I can recommend some driver training!
The vast, vast majority of the time, "warped rotors" are not actually warped, in a physical sense. They have uneven pad material deposited on them. A "warped" (like a Pringle) rotor probably won't actually pulse the brake pedal, as the fluid volume will be constant as the pads shift back and forth. And that's not how they fail.
What happens, most of the time, is that someone is stopping the vehicle, and then continuing to stand on the brakes. This presses the hot pad (from the braking) into the hot rotor, and you end up with literally a pad-shaped deposit on the rotor as the pad material bonds to the hot rotor. If it's really bad, you can actually see the stamping. That leads to uneven thickness, which leads to pedal pulsing as the pads are pressed back in once a rotation.
I've had this problem with cars before I learned about how the pad/rotor interface worked.

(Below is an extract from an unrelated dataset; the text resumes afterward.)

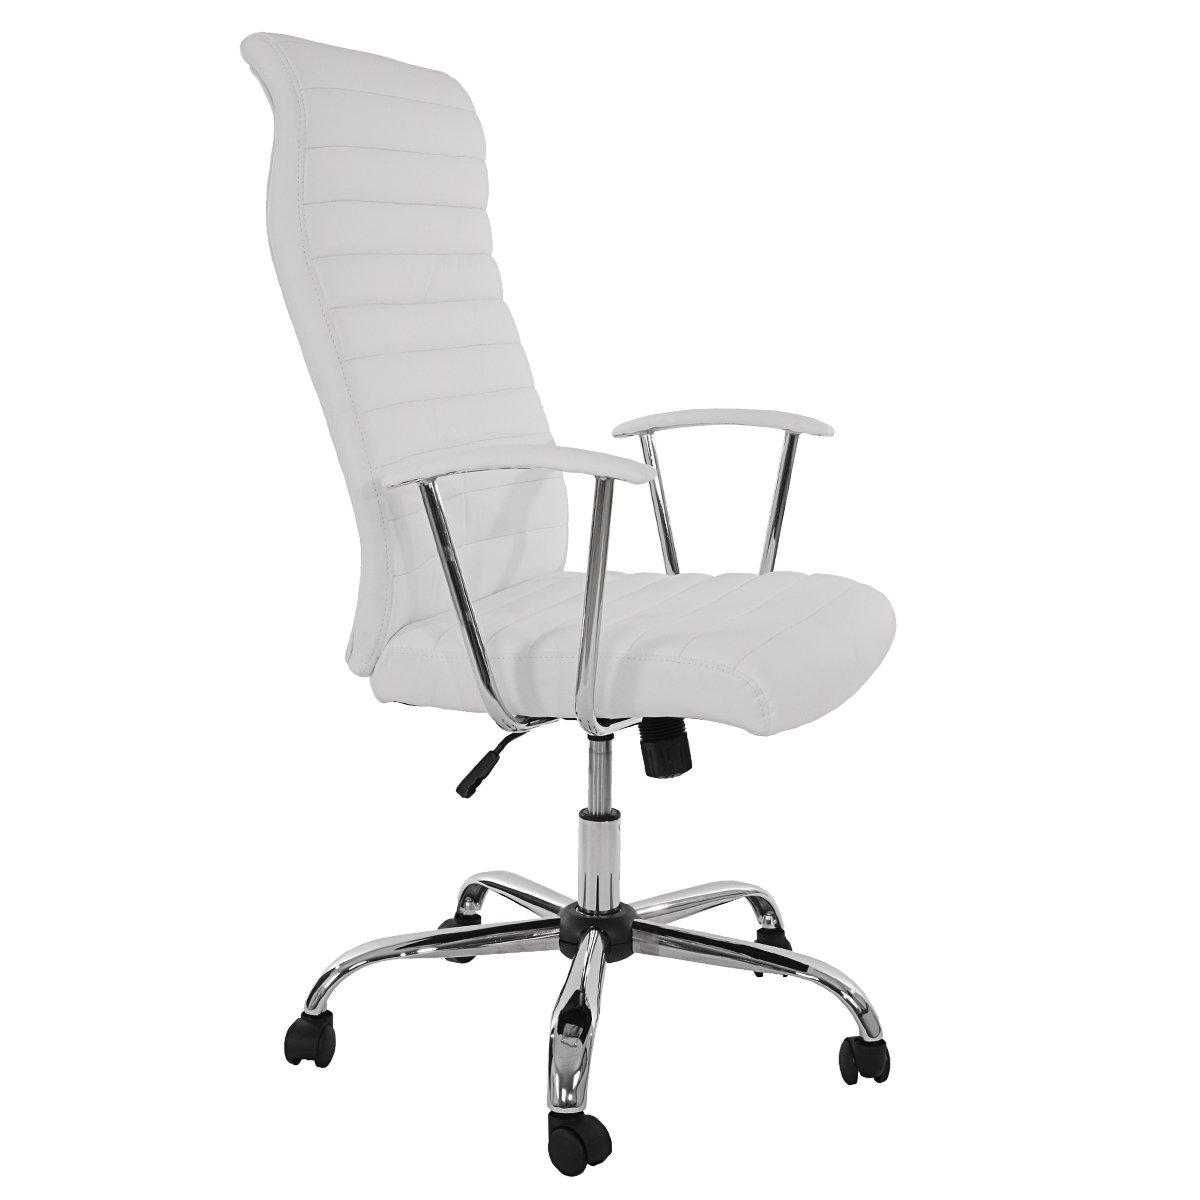 Ergonomischer bürostuhl weiß  Bürostuhl Drehstuhl Chefsessel Cagliari, ergonomische Form ~ weiß ...

The solution is pretty simple: Once you've stopped, use as little brake pressure as possible to keep the car stopped. I drive a manual, so I often don't even have the brake pedal pushed at a stop on level ground. You've got an automatic (almost certainly), so you still have to keep a bit of pressure, but not much.
Another suggestion is to be gentle the last 50' into a stop. Coming off a highway, get the bulk of your braking done early, then roll with very gentle braking the last 50-100' into the stop, and then relax the pressure.
I bet your problem goes away. ;)
Even better, you can often resolve moderate pad deposit issues by bedding the brakes. Do 5 or 10 60-10mph hard braking events (without triggering ABS), then drive 15-20 miles with minimal braking to help cool everything down.